* **Prompt**: Please read the records below and return each line holding the string "using".

--- Supplied data ---

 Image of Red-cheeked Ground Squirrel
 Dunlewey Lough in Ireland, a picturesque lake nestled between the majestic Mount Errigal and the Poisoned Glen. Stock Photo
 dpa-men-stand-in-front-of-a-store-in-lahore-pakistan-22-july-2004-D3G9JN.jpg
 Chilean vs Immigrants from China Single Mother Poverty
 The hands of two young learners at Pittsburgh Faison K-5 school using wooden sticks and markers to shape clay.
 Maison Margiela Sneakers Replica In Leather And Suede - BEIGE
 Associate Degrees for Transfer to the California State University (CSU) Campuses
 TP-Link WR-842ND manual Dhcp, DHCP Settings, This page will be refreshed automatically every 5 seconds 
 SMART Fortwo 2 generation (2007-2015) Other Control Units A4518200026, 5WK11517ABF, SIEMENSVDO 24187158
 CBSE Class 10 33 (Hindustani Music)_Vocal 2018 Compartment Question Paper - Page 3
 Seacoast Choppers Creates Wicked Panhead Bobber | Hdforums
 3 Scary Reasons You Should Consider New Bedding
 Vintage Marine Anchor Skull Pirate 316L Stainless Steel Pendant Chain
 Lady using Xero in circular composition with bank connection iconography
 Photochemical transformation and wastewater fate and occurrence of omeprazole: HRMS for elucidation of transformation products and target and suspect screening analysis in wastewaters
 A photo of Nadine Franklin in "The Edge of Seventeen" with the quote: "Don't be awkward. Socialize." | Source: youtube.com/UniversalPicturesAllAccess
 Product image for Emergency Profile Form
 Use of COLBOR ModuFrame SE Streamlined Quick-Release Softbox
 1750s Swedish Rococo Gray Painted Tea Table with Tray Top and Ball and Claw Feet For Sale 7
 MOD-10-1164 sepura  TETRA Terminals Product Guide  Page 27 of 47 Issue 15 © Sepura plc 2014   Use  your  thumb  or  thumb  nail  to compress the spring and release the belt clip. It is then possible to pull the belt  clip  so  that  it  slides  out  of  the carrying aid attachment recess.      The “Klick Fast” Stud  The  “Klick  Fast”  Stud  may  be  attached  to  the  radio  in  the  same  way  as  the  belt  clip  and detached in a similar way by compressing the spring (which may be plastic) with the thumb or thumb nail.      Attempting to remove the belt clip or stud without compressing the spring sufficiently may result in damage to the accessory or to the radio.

---

* **Answer for this exercise**:
 The hands of two young learners at Pittsburgh Faison K-5 school using wooden sticks and markers to shape clay.
 Lady using Xero in circular composition with bank connection iconography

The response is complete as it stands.